When these independent voices acquired real resonance in the spring of 2003, Fidel pounced ferociously. About seventy-five individuals were arrested and summarily imprisoned for terms up to twenty-eight years. They included one of the country’s most prominent poets, independent economists, librarians, journalists, and leaders of the Varela Project. Books were seized and burned, fax machines destroyed. One activist was found guilty of sending information about human rights to Amnesty International. An independent librarian was jailed for sharing a copy of the Universal Declaration of Human Rights.

Whether a raulista regime will survive for just months or for many years will likely depend largely on how skillfully he and his associates deal with this coalescing independent civil society. Lacking Fidel’s exceptional leadership qualities and credibility with the populace, Raul will be hard pressed to strike just the right balance. He will have to take tangible steps to assuage public discontent and raise living standards for the masses, but without opening the valves too much or too quickly. He will have to do better than he has in the past at communicating with the people. And he will probably have to be adroit at managing crises. It may prove to be too large an order.

If he is to have any chance of retaining power for long, he will have to overcome the ingrained popular image of “Raul the Terrible,” the role he allowed Fidel to cast him in since the early 1950s. His government could not survive long, for example, if he resorted to the kind of brutal force in the streets that he threatened to employ in 1994. There are enough cannons in the military’s inventory to maintain order, but they cannot be deployed or used against the people. Killing civilians in the streets or plazas would be all but certain to bring down his regime, or that of any other successor who ordered it.

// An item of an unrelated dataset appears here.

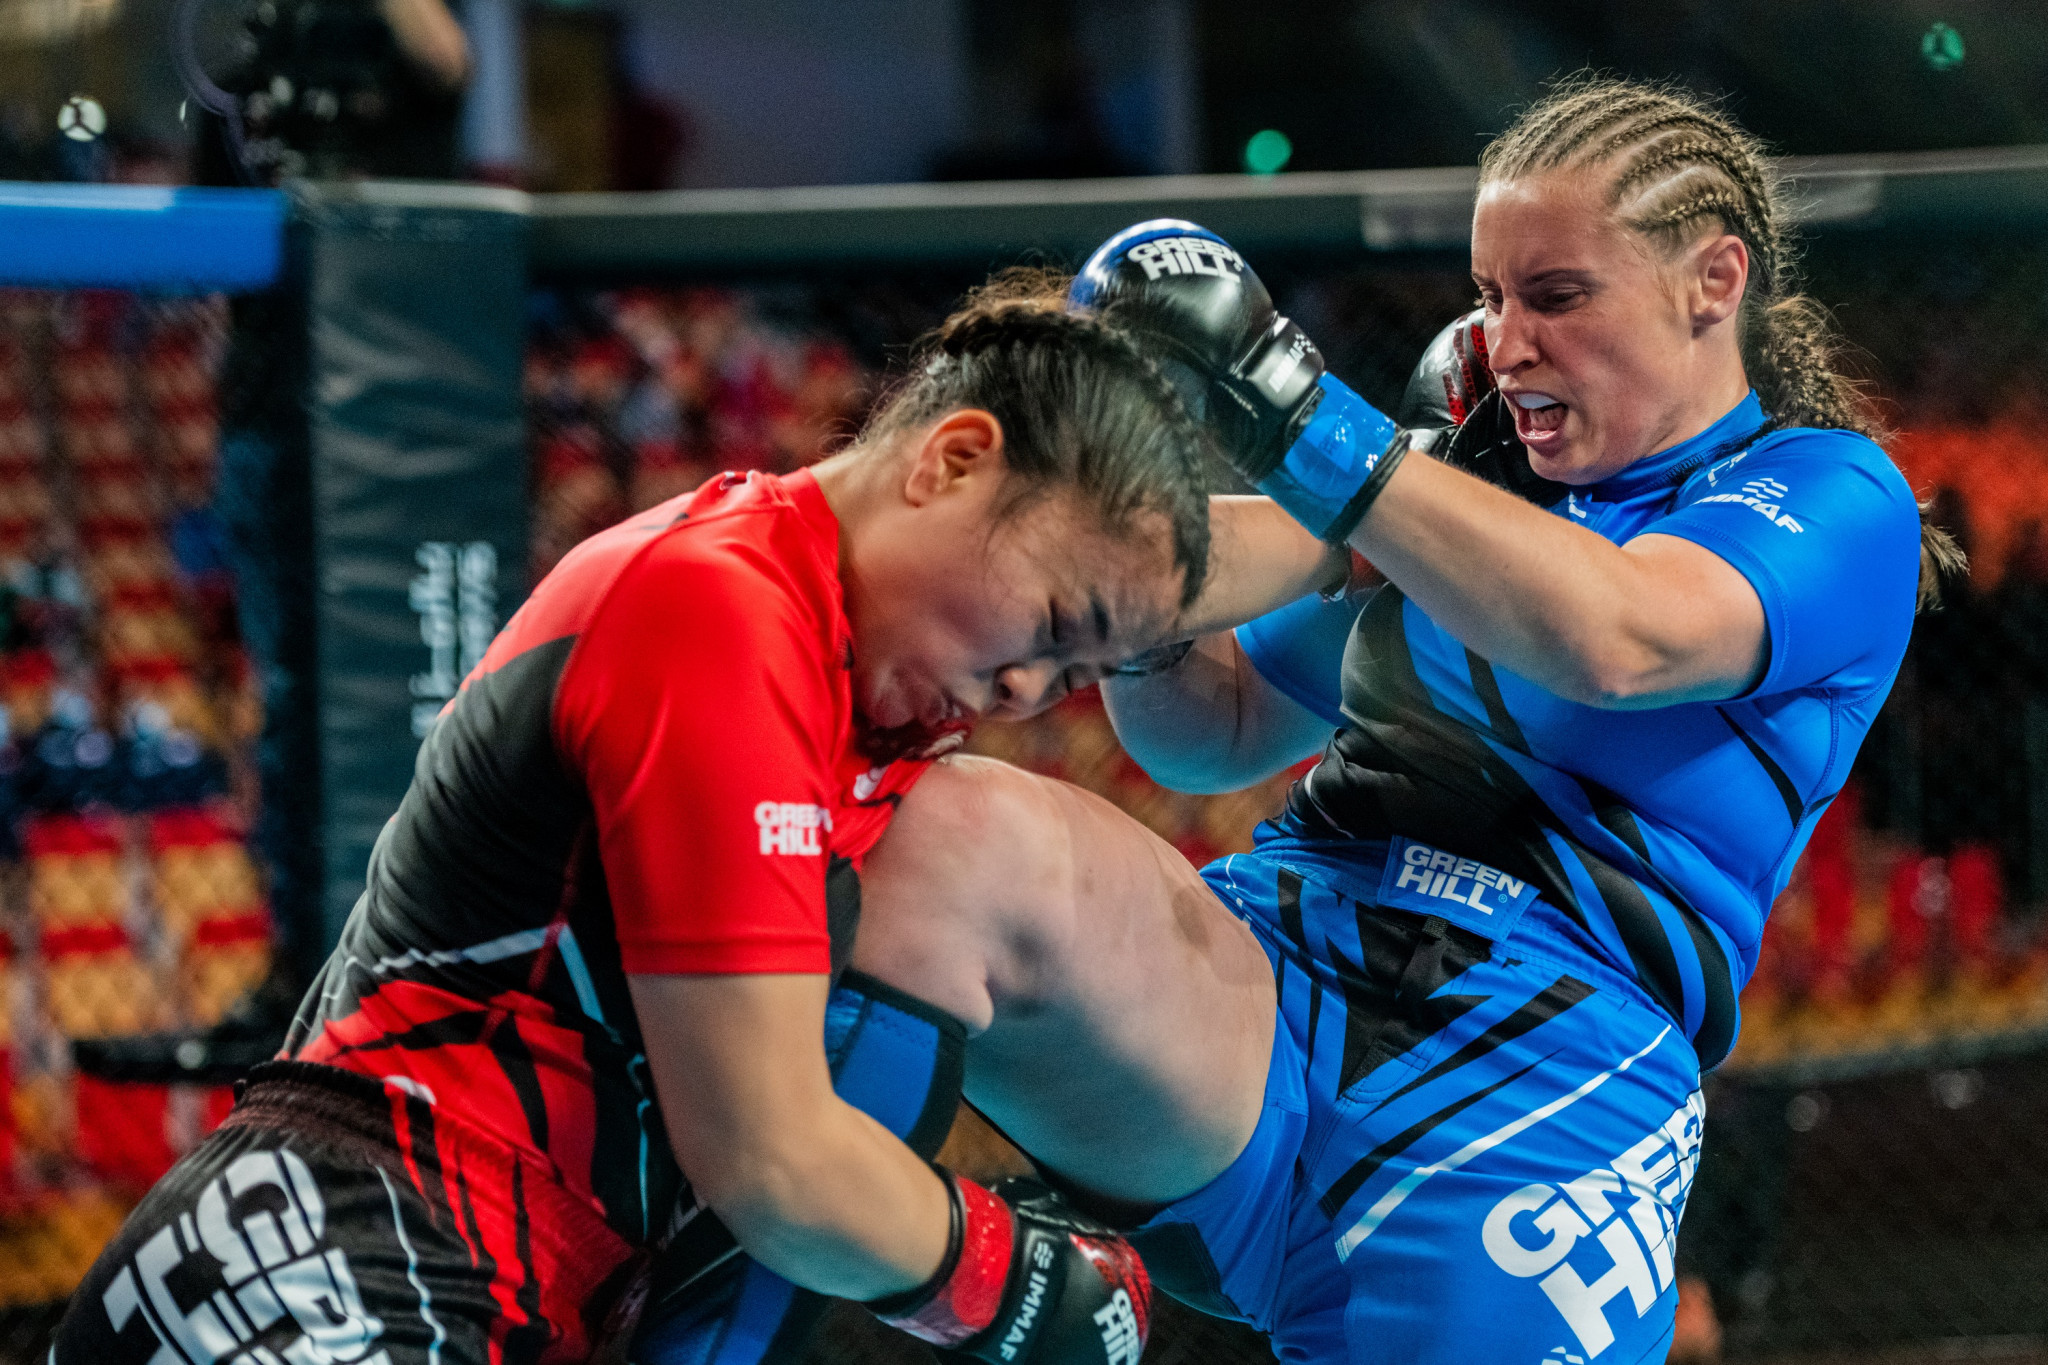 New Zealand's Mel Webster knees her opponent in a losing effort ©IMMAF

Perhaps in his own twilight years, this complex, repressed younger brother will find his own independent political persona. Maybe then the real Raul, unencumbered by Fidel’s uncompromising demands will come into focus. Their sister Juanita, and others who have known Raul are convinced that once he is freed of the need to please Fidel and honor his dictates, he will finally become his own person. Huber Matos, the former guerrilla leader who fought with the Castro brothers, told me, “Raul’s traumas are the result of being Fidel’s brother.”

Perhaps, then, Fidel’s death will be Raul’s catharsis.